Considering the relevance of the examples cited above, and the importance of these approaches, our research group is interested in finding some molecules capable of inhibiting the transcription factor called Yin-Yang 1 (YY1). This factor has been observed to be overexpressed in cancer patients, and its activation is significantly involved in chemotherapy resistance mechanisms. In pediatric patients with acute lymphoblastic leukemia (ALL) it was reported that YY1 is overexpressed.101 The in vitro inhibition in ALL cell lines showed that YY1 has an important implication in chemoresistance in these cells. Based on these findings, our research group was particularly interested in identifying some inhibitors of the activity of this transcription factor employing CADDD tools. The elucidation of the structure of the YY1 and site-binding domain provides a new framework to understand the functions of this transcription factor and leads to the development of rational drug design for the treatment of ALL. An overview of YY1 structure and activity, its actions in lymphoblastic leukemia and chemoresistance, and how structural information and high-throughput screening have been or can be used for drug discovery will be provided in the future.
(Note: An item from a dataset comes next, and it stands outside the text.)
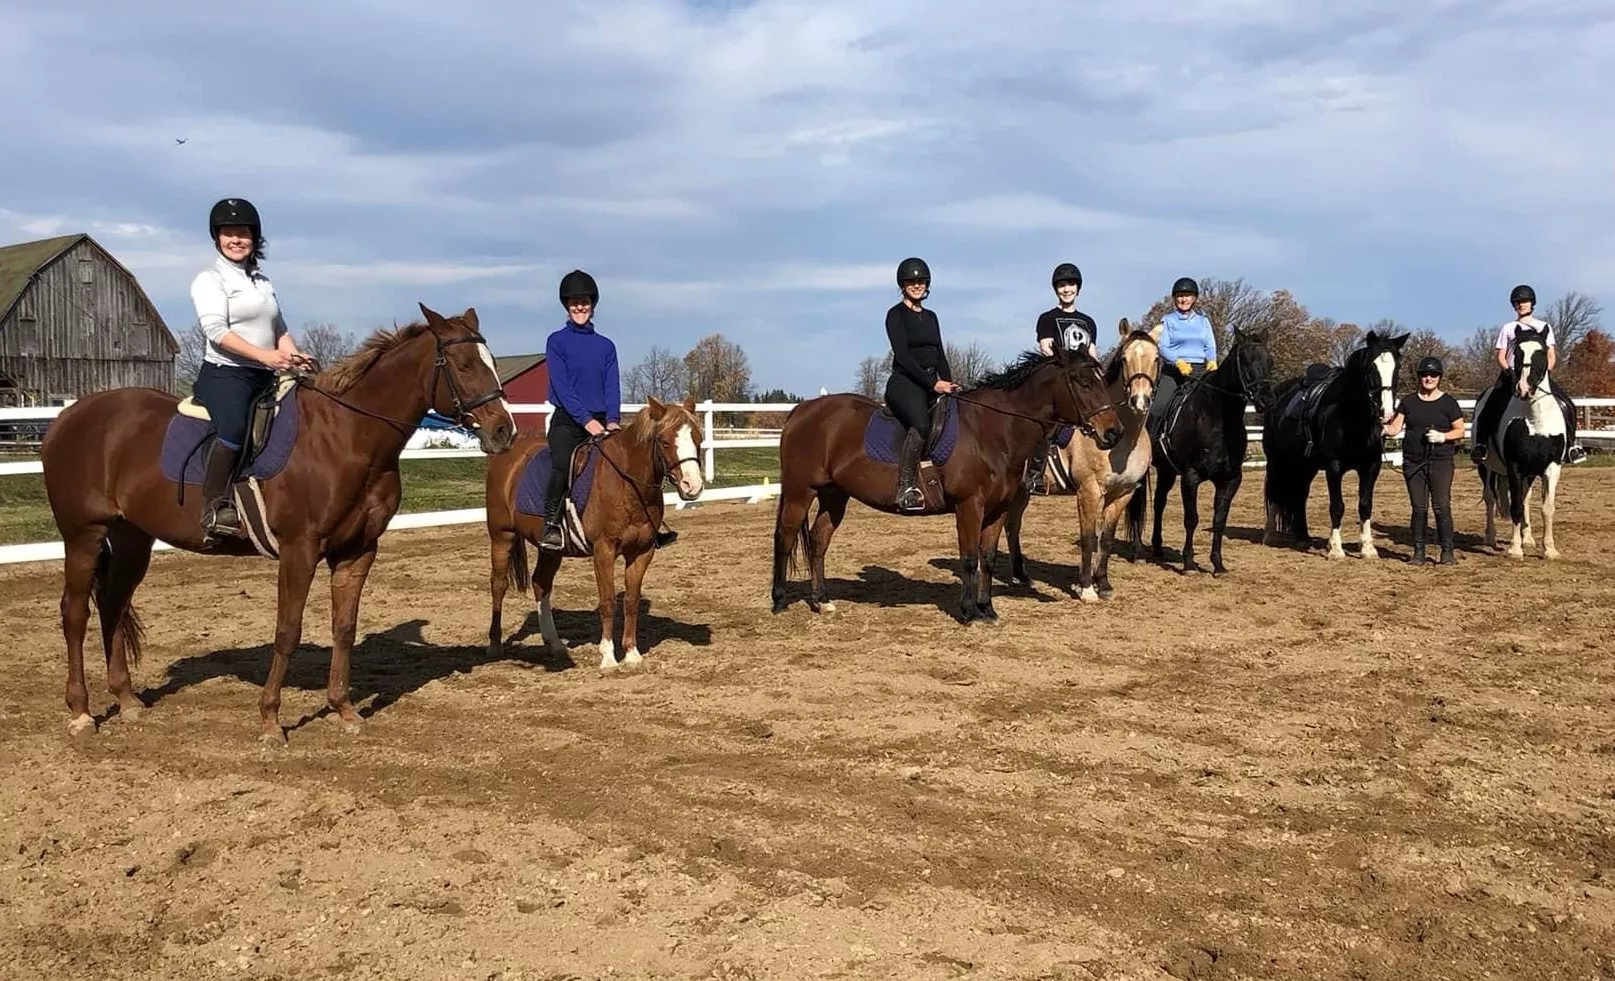 Some mounted staff members in the outdoor sand ring.

The process of novel drug discovery and development is recognized to be very expensive and time-consuming. However, thanks to recent advances in the development of physical and chemical models to simulate biomolecular processes, together with the production of increasingly powerful computational resources, discovering and designing new drugs as anticancer drugs is an affordable task for many research institutions and laboratories today. With the required computational hardware and software, and the expertise in biochemistry, biophysics, and biology, many projects that previously demanded a significant investment in time and money can be done today by a small group of researchers in their workstations. Moreover, challenging projects not even conceivable two decades ago can be today tackled with the access to a supercomputer. By using CADDD approaches, researchers are not only accelerating their steps and projects. Implementing molecular simulations in biomolecular research projects has increased our knowledge in fields such as structural and chemical biology at the point where these tools are considered as other useful facilities in the laboratory. The optimization of these techniques and methods occurs this way naturally in its theoretical feedback signaling system. Computational models generate useful predictions to be checked with experimental results, and biologists and physicians demand approaches that are more accurate to computational scientists.